Igor Morais, fundador da Kings Sneakers: “A concorrência tirou todo mundo da zona de conforto. E isso é bom. Faz o setor se mexer.” (Kings Sneakers/Divulgação)
Repórter de Negócios
Publicado em 23 de julho de 2025 às 14h03.
Em 2006, com apenas 15 anos, Igor Morais pediu 300 reais emprestados a um amigo.
Prometeu devolver o dobro em um mês. Comprou CDs de black music no centro de São Paulo, levou para revender na Galeria do Rock e, no mesmo dia, transformou os R$ 300 em R$ 600. Decidiu que não pararia ali.
Era o início da Kings Sneakers — uma das maiores redes brasileiras de moda urbana, que hoje fatura 350 milhões de reais por ano e acaba de estrear sua operação internacional nos Estados Unidos.
A loja original ficava num porão de 12 metros quadrados, herdado do pai de Igor, um nordestino que veio do Maranhão e sustentava a família com bancas de jornal.
Quando o pai quebrou e ia entregar o ponto, na Galeria do Rock, Igor pediu para ficar com a loja. “Me dá essa chance. Eu vou tocar”, disse.
Sem funcionário, sem sócio e sem experiência, ele virou tudo: vendedor, caixa, estoquista e faxineiro.
Lia revistas importadas de hip hop, buscava tendências nas ruas e montava a vitrine com os poucos pares que encontrava em outlets. “Só tinha o pé esquerdo na vitrine, porque eu não tinha grade. Cada par era único.”
A loja virou ponto de encontro de MCs, DJs, grafiteiros e apaixonados por streetwear, criando não só um negócio, mas uma cultura em torno da marca. Os tênis começaram a ganhar mais espaço que os CDs, e o streetwear virou o coração da operação.
Nos anos seguintes, a expansão veio na marra.
Sem capital para abrir novas unidades, Igor criou um modelo de franquias desenvolvido dentro de casa, com apoio de quem já vivia a operação.
Hoje, a Kings tem mais de 170 lojas franqueadas em todo o Brasil — e apenas uma própria, mantida na Galeria do Rock em homenagem à origem.
Agora, o desafio é outro: conquistar o mercado americano, berço do hip hop, dos sneakers e da cultura que sempre inspirou a Kings.

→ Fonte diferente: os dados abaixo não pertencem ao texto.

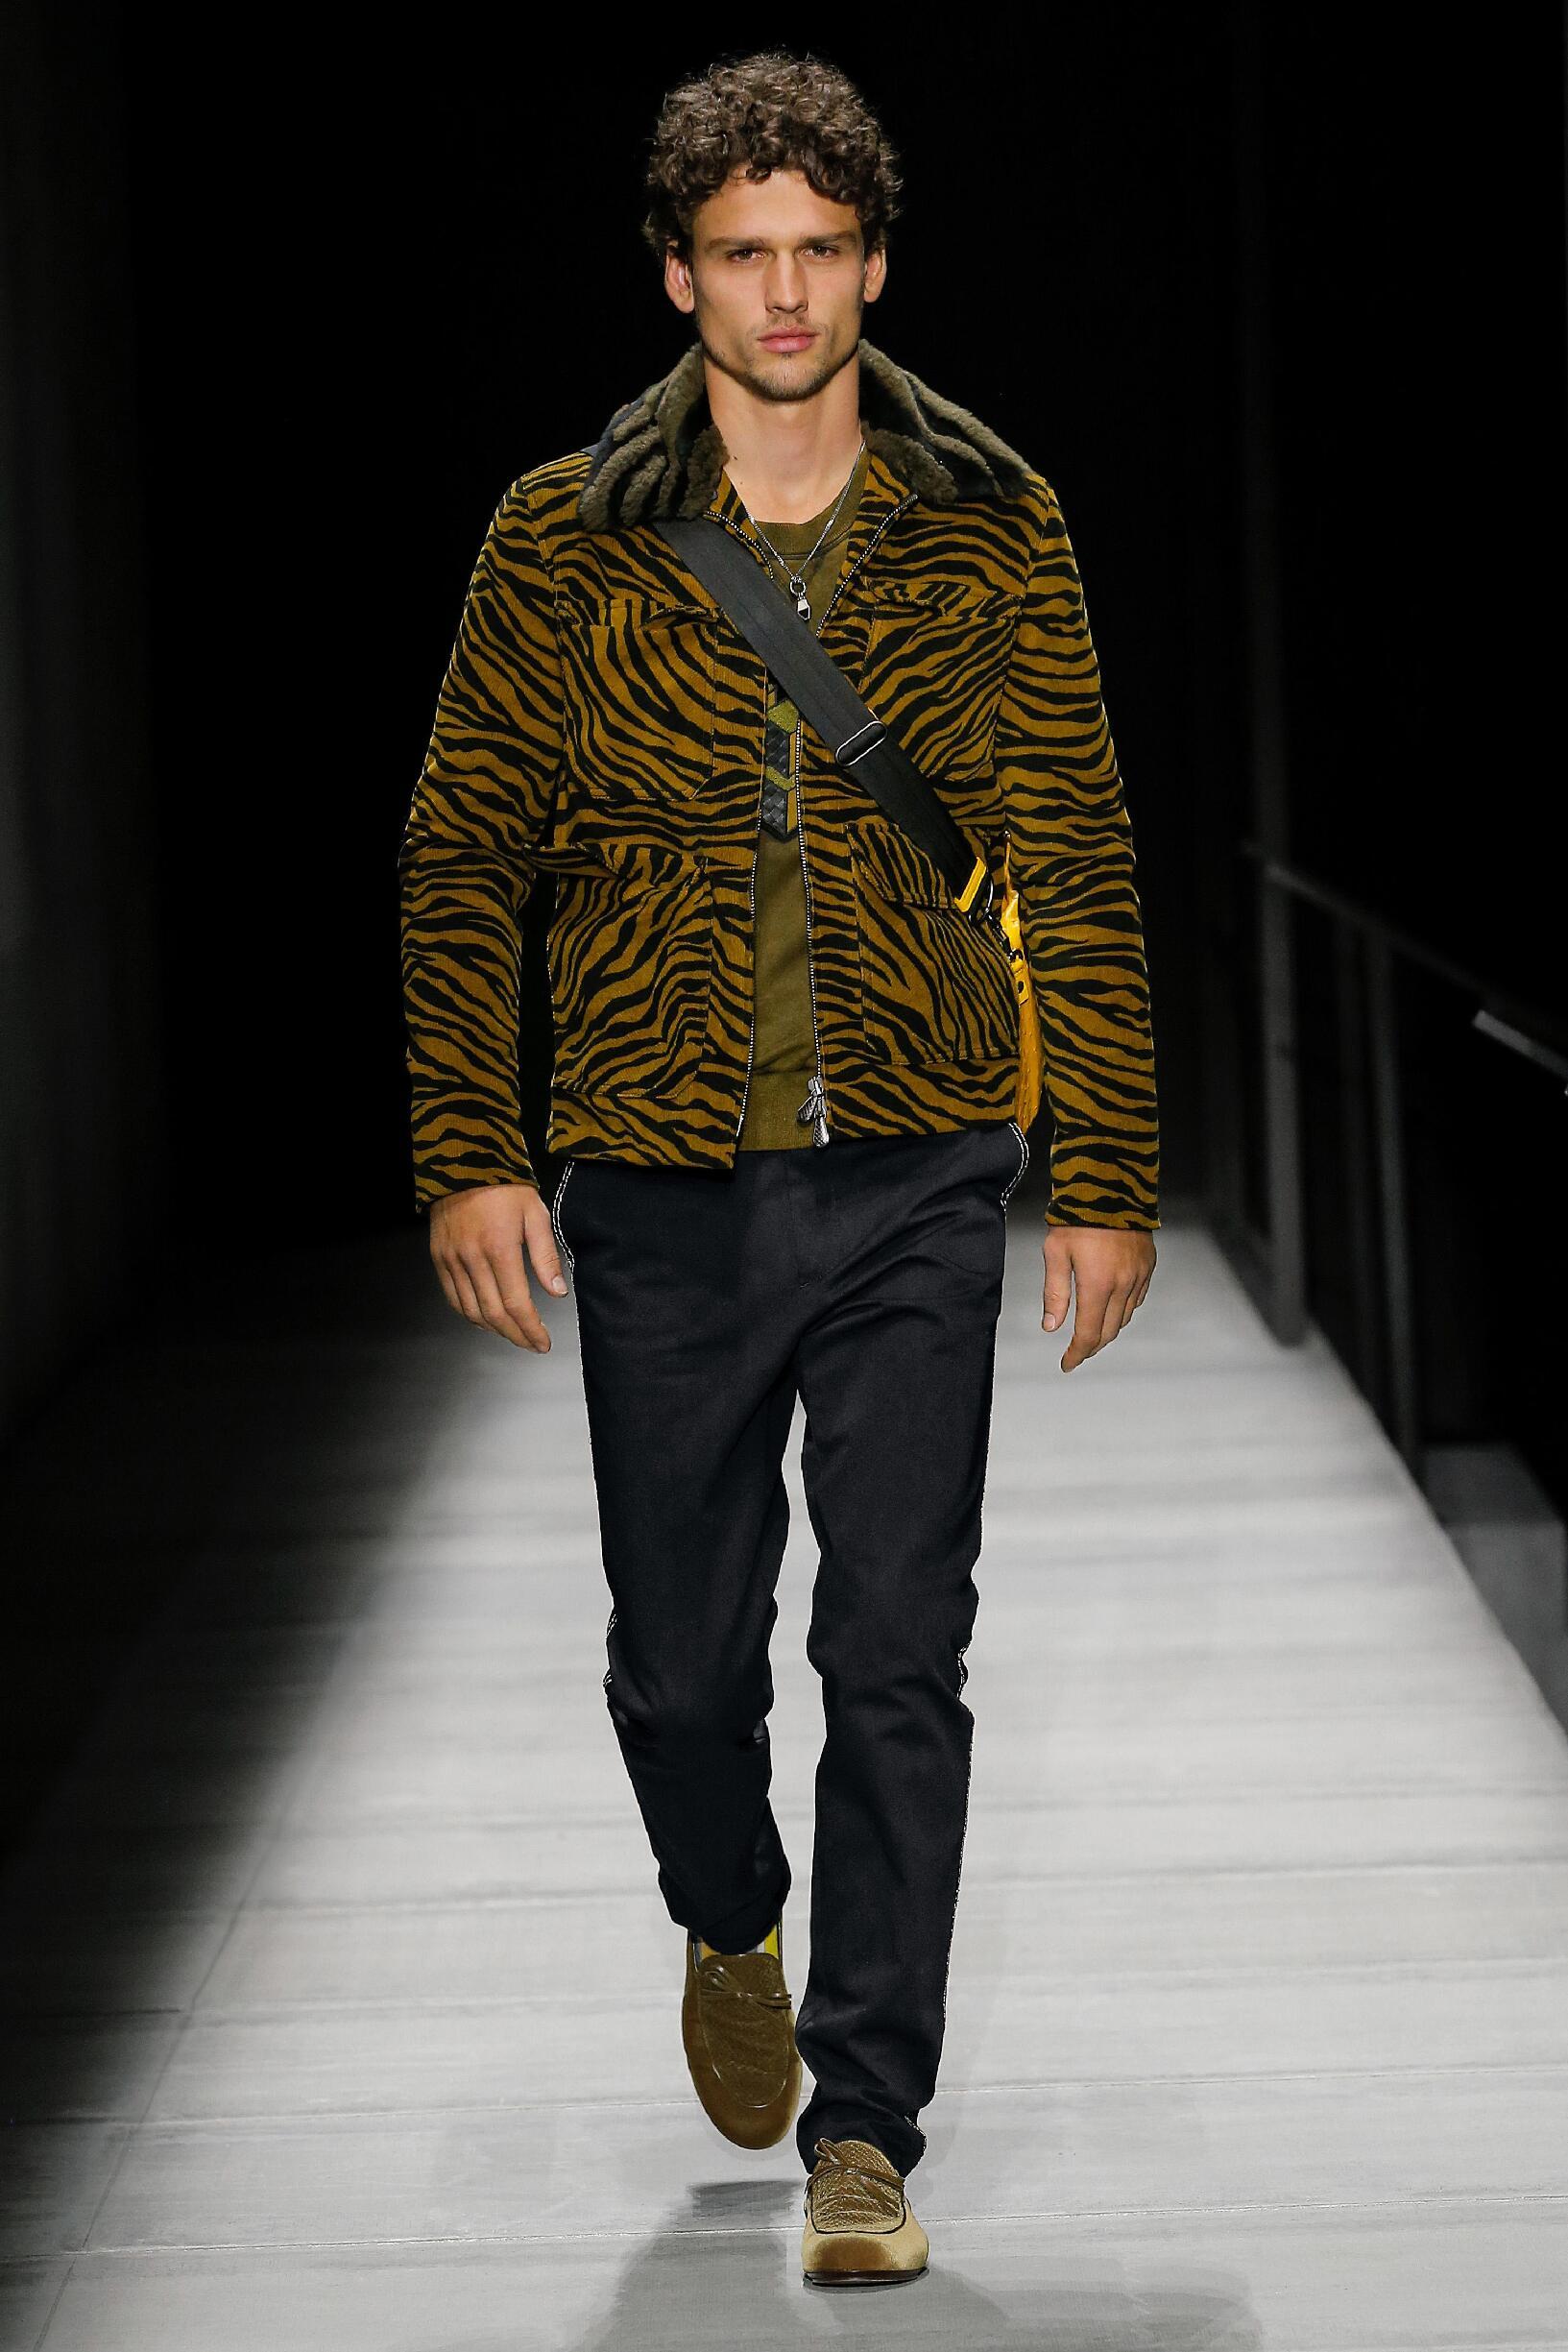 Bottega Veneta Fall Winter 2018 Mens Collection New York Fashion Week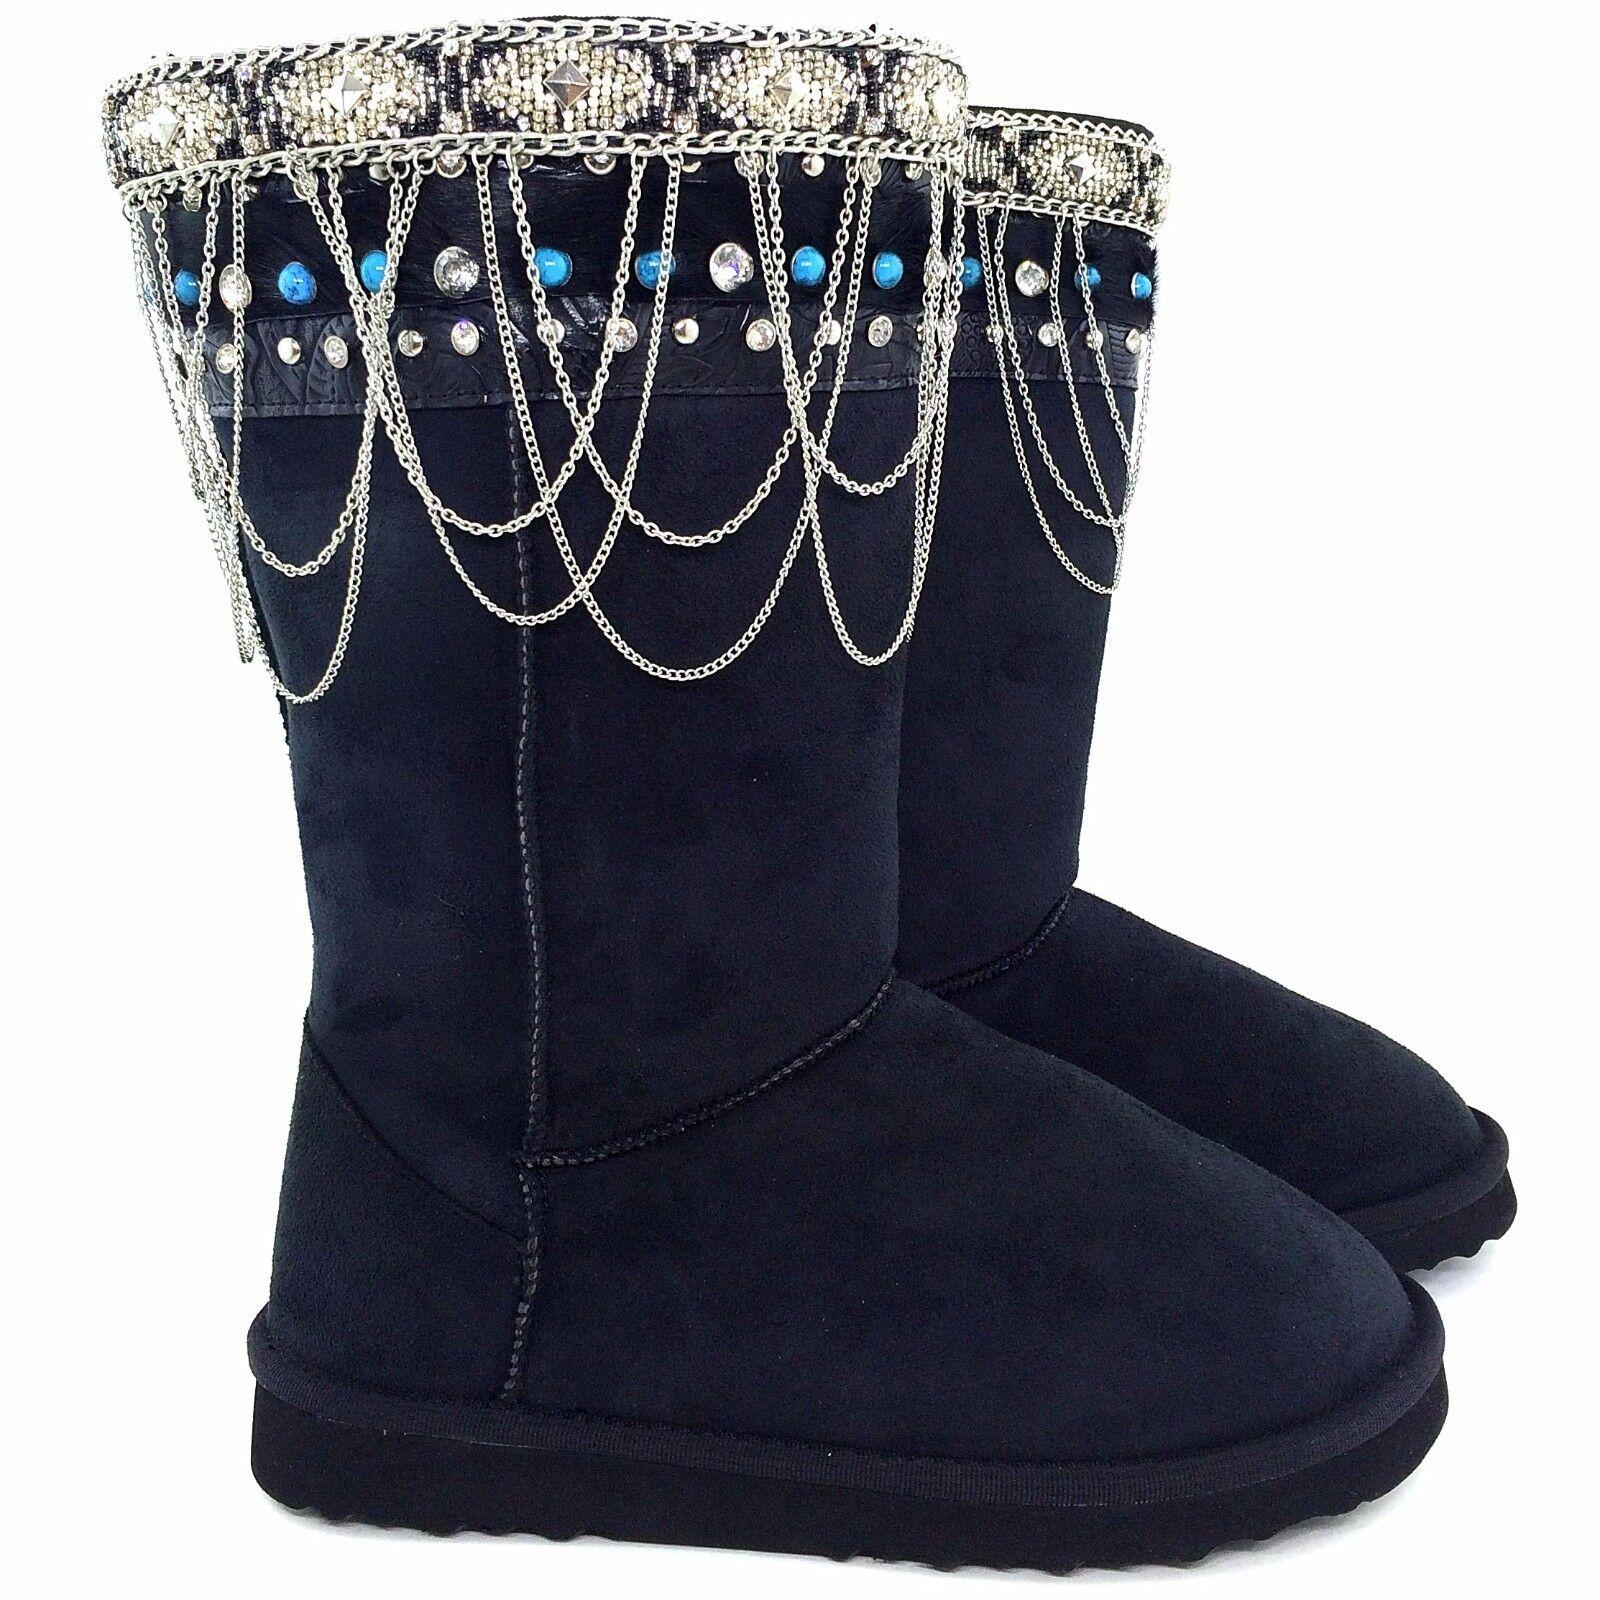 Black Chiseled Tooled Western Rhinestone Like Montana West Winter Boots Boot Top

Após dois anos de planejamento, a marca lançou um site em inglês e espanhol, com estoque local e foco inicial em três estados: Flórida, Califórnia e Nova York.
Diferente do Brasil, a operação nos EUA começa com um portfólio 100% autoral — nada de Nike, Adidas ou outras marcas.
“A gente quer mostrar primeiro quem somos. Vender nossa identidade. Depois a gente pensa em ser multimarca lá também”, diz Igor.
O investimento inicial foi de 500.000 dólares, com metas ousadas: faturar 100.000 dólares até o fim de 2025 e meio milhão de dólares até 2026. A ideia é abrir a primeira loja física americana nos próximos dois anos.
Mas logo após o lançamento do site, veio o revés: o ex-presidente Donald Trump, em plena campanha, anunciou uma tarifa de 50% sobre produtos brasileiros, com vigência a partir de 1º de agosto. A medida pode afetar diretamente operações como a da Kings.
“Subimos o site, e no outro dia veio essa bomba. Mas agora não tem como dar ré. A máquina está ligada. Vamos pra cima”, afirma Igor. Se necessário, ele já cogita produzir localmente nos EUA. “Temos parceiros. Estamos preparados para tudo.”
No Brasil, os desafios também não são poucos.
A Kings compra com até um ano de antecedência, lidando com variações do dólar e apostas em tendências de consumo. “Já errei nessa conta. Se a gente errar no que vai vender, perde. O jogo é esse: comprar certo, vender muito. E repetir.”
Mesmo diante de marcas gigantes com lojas próprias, a Kings sobrevive — e cresce.
“Quando uma loja da Nike abre num shopping, nossa venda aumenta”, diz. “O nosso cliente entra na Nike, vê o tênis, mas vem pra Kings. Porque aqui ele encontra mais: camiseta, boné, cultura. É identidade.”
Além das multimarcas, 8% do faturamento hoje já vem da marca própria — uma linha que carrega a estética e o discurso da empresa. “Nosso cliente compra porque representa um estilo, não só pelo preço.”
E esse estilo também chegou à música. Em 2024, Igor criou o selo musical Sombras, ao lado do irmão, para lançar artistas conectados ao universo urbano. “Começamos vendendo CD. Agora vamos produzir conteúdo. Não é só moda. É cultura.”
Do porão da Galeria do Rock às prateleiras americanas, a Kings não é só uma loja. É uma ideia. E está só começando.